____ DATA LISTING

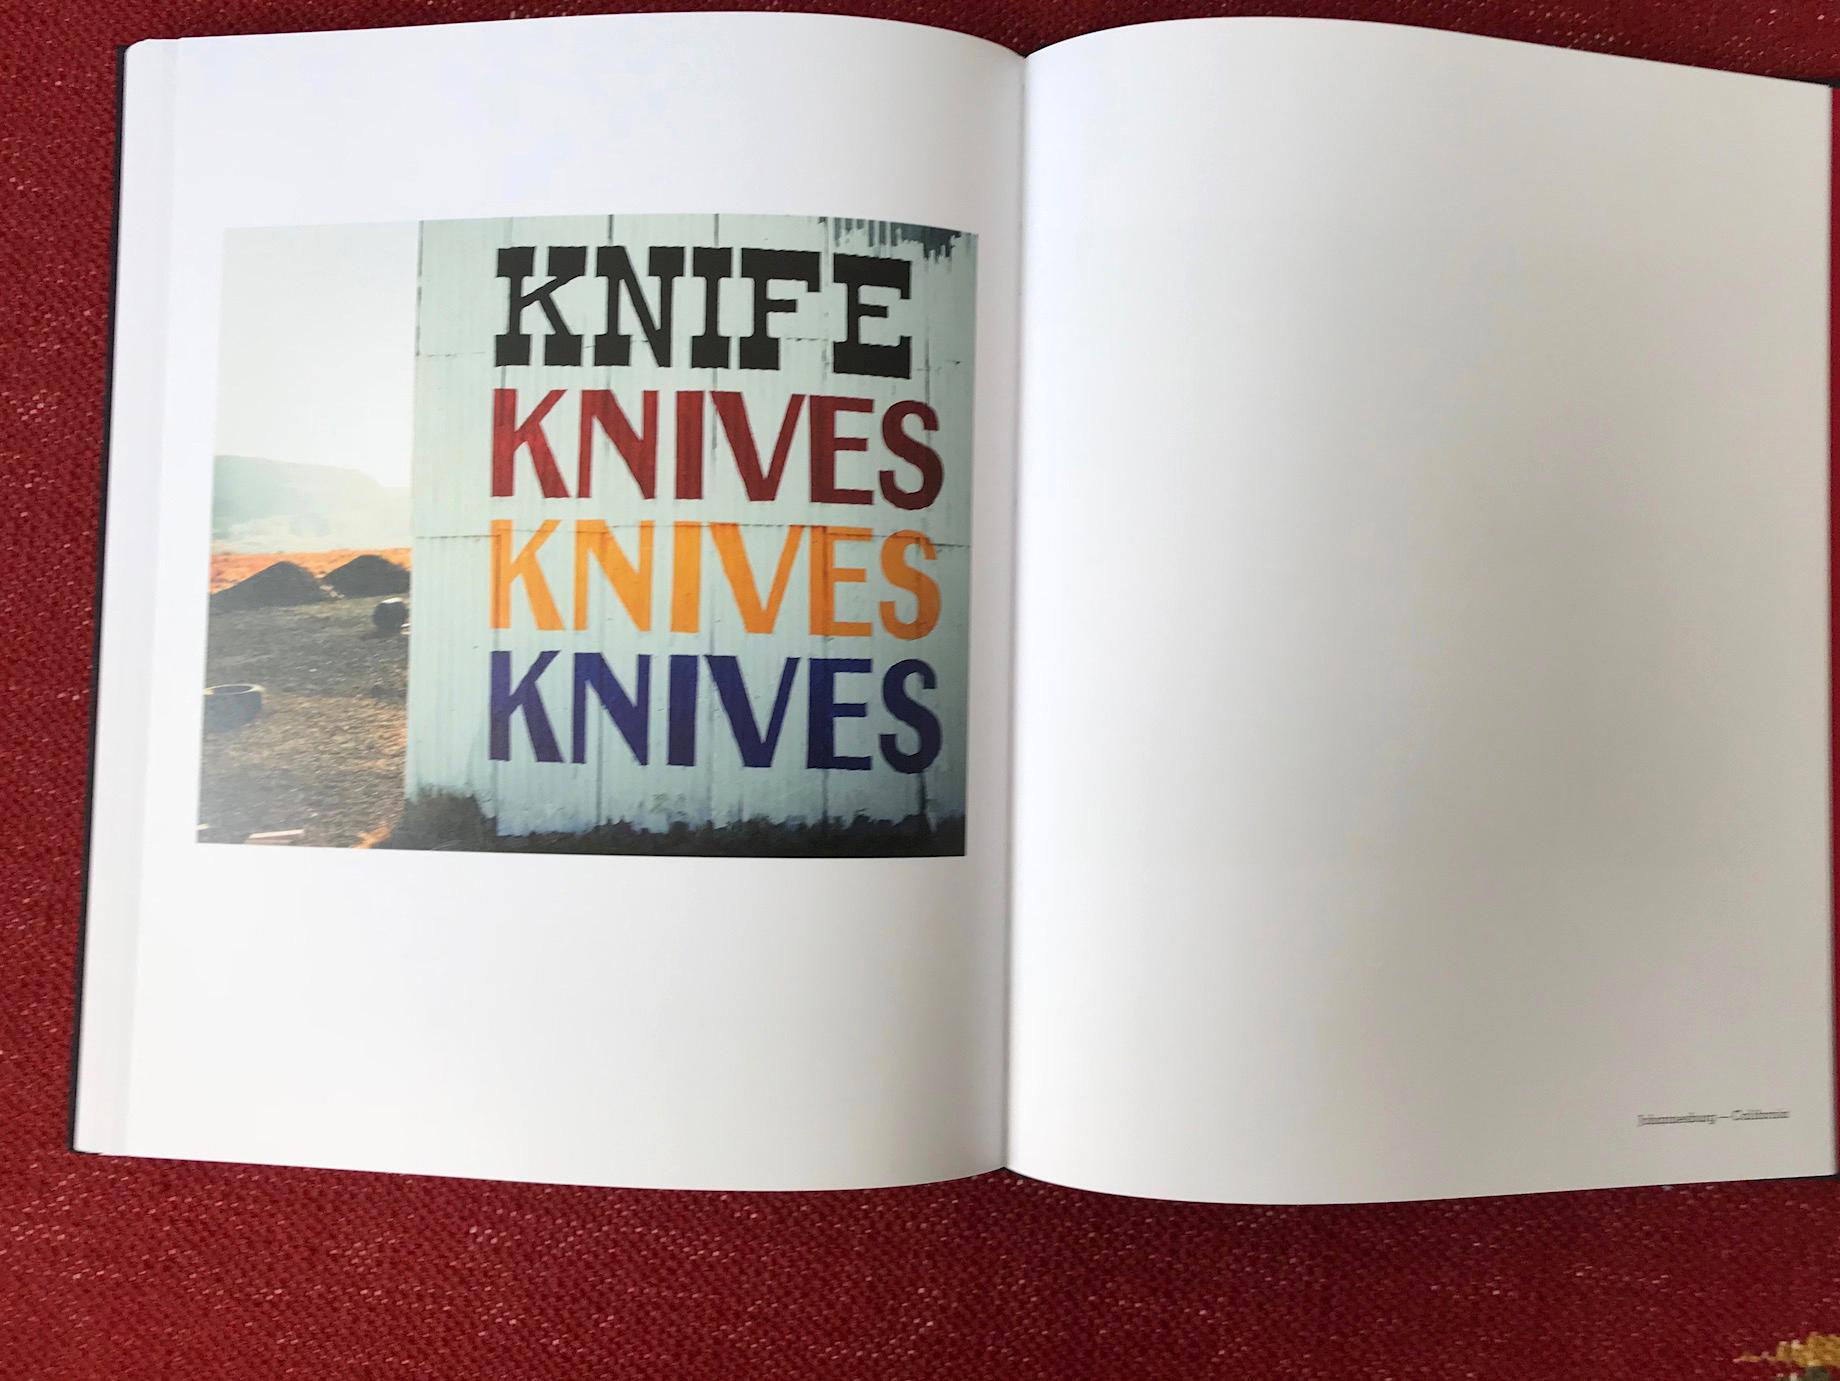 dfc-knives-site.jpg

________
____ DATA LISTING

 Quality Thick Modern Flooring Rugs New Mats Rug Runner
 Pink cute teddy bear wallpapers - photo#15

________

**ABOUT THIS TASK**
The response should hold exactly the lines starting at the line with "Quality Thick Modern" and ending at the line with "Pink cute teddy bear wallpapers - photo#15", and no other line of the material above.

**TASK ANSWER**
 Quality Thick Modern Flooring Rugs New Mats Rug Runner
 Pink cute teddy bear wallpapers - photo#15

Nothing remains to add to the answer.